The dangers of AVX-512 throttling: a 3% impact

By Daniel Lemire

Intel’s latest processors come with powerful new instructions from the AVX-512 family. These instructions operate over 512-bit registers. They use more power than regular (64-bit) instructions. Thus, on some Intel processors, the processor core that is using AVX-512 might run at a lower frequency, to keep the processor from overheating.

Can we measure this effect?

In a recent post, I used a benchmark provided by Vlad Krasnov from Cloudfare, on a Xeon Gold 5120 processor. In the test provided by Krasnov, the use of AVX-512 actually made things faster.

So I just went back to an earlier benchmark I designed myself. It is a CPU-intensive Mandelbrot computation, with very few bogus AVX-512 instructions thrown in (about 32,000). The idea is that if AVX-512 cause frequency throttling, the whole computation will be slowed. I use two types of AVX-512 instructions: light (additions) and heavy (multiplications).

I measured no AVX-512 throttling on the Skylake X server I own… but what about the Xeon Gold 5120 processor?

I run the benchmark ten times and measure the wall-clock time using the Linux/bash time command. I sleep 2 seconds after each sequence of ten tests. A complete script is provided. In practice, I just run the benchmark.sh script after typing make and I record the user timings of each test.

Because there are run-to-run variations, I repeat the whole process several times. Here are my raw numbers:

trialNo AVX-512Light AVX-512Heavy AVX-512
113.23 s13.64 s13.51 s
213.15 s13.49 s13.53 s
313.10 s13.59 s13.51 s
413.07 s13.54 s13.59 s
513.08 s13.52 s13.51 s

So the No-AVX-512 program runs in about 13.1 s. The AVX-512 ones run in about 13.5 s. Thus AVX-512 incurs a 3% penalty. I can’t measure a difference between light and heavy AVX-512 instructions.

It is first time ever I am able to measure a negative difference that can be attributed, presumably, to AVX-512 throttling. It is quite exciting.
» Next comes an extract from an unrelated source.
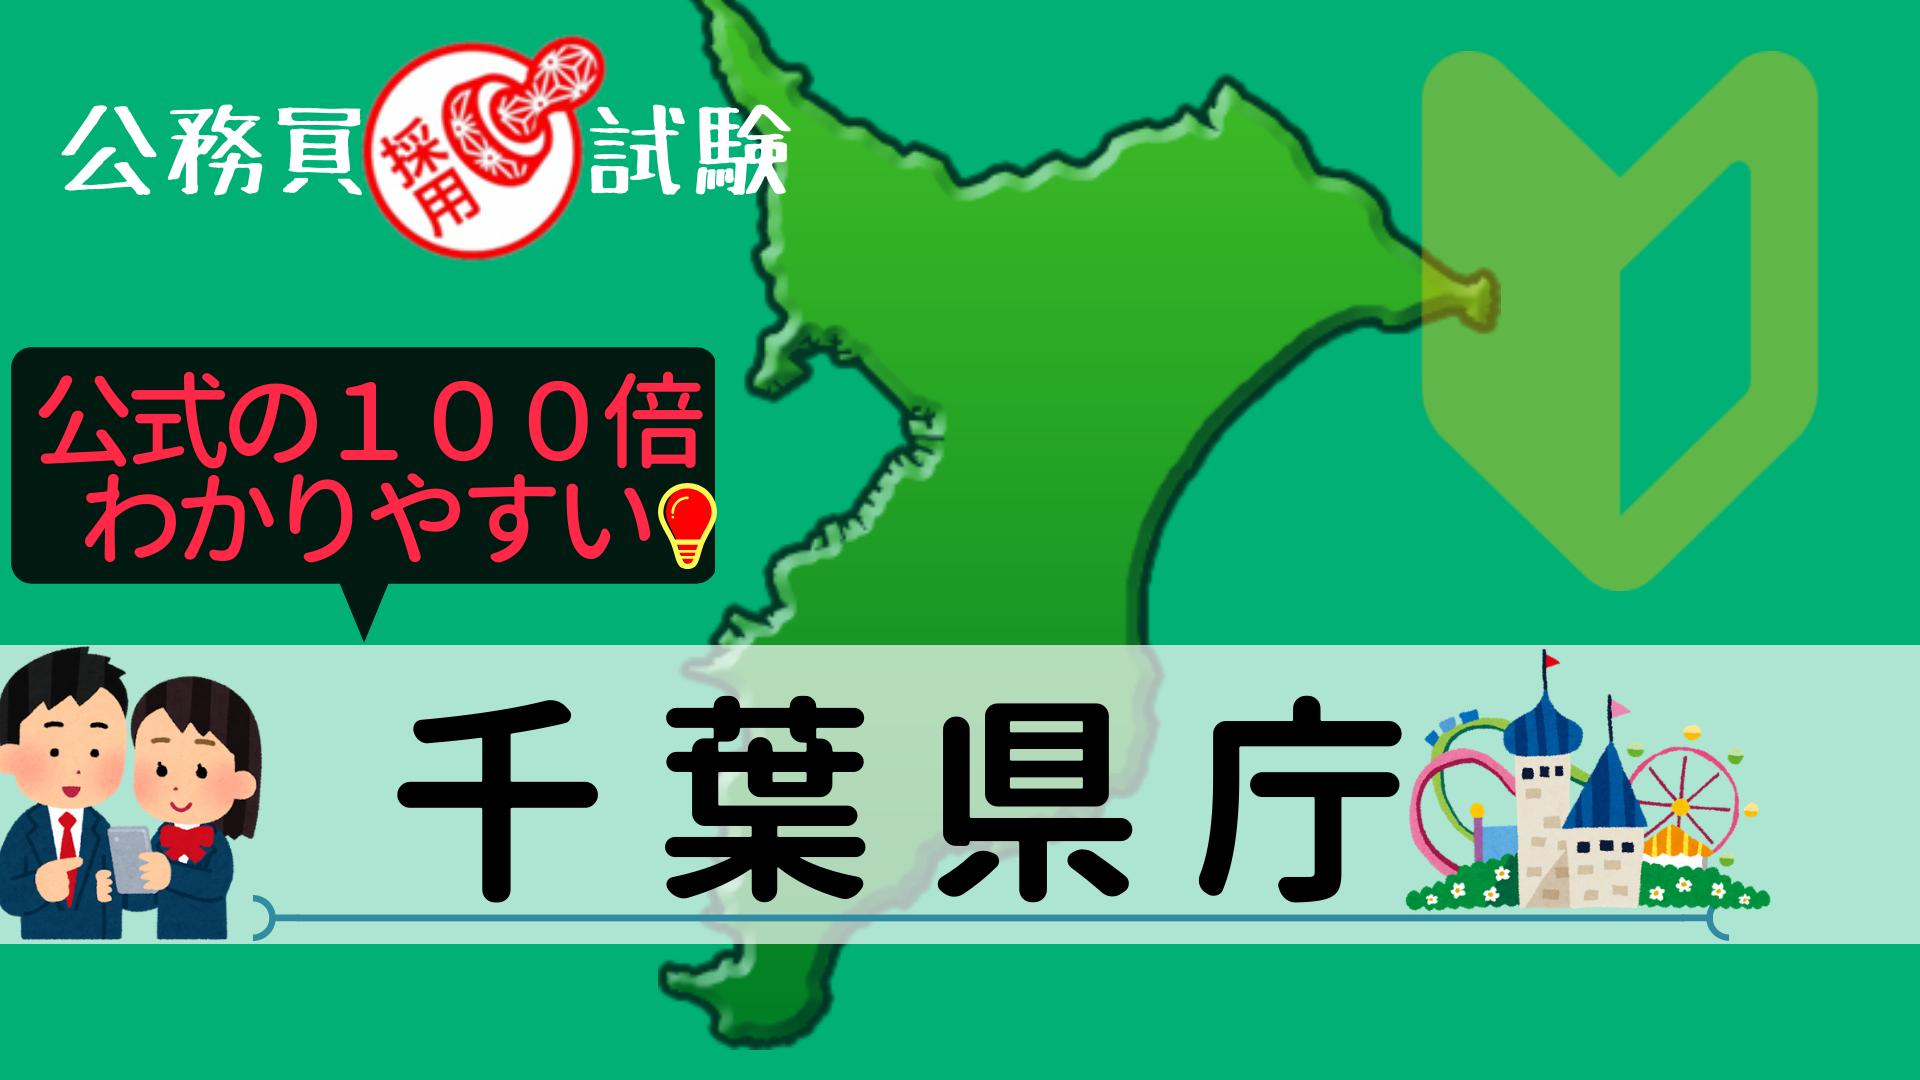 千葉県庁の公務員採用試験について

Is that a lot? It is hard for me to get terribly depressed at the fact that a benchmark I specifically designed to make AVX-512 look bad sees a 3% performance degradation on one core. Real code is not going to use AVX-512 in such a manner: the AVX-512 instructions will do useful work. It is not super difficult to recoup a 3% difference.

Of course, maybe my adversarial benchmark is not sufficiently bad. That may well be: please provide me with your examples.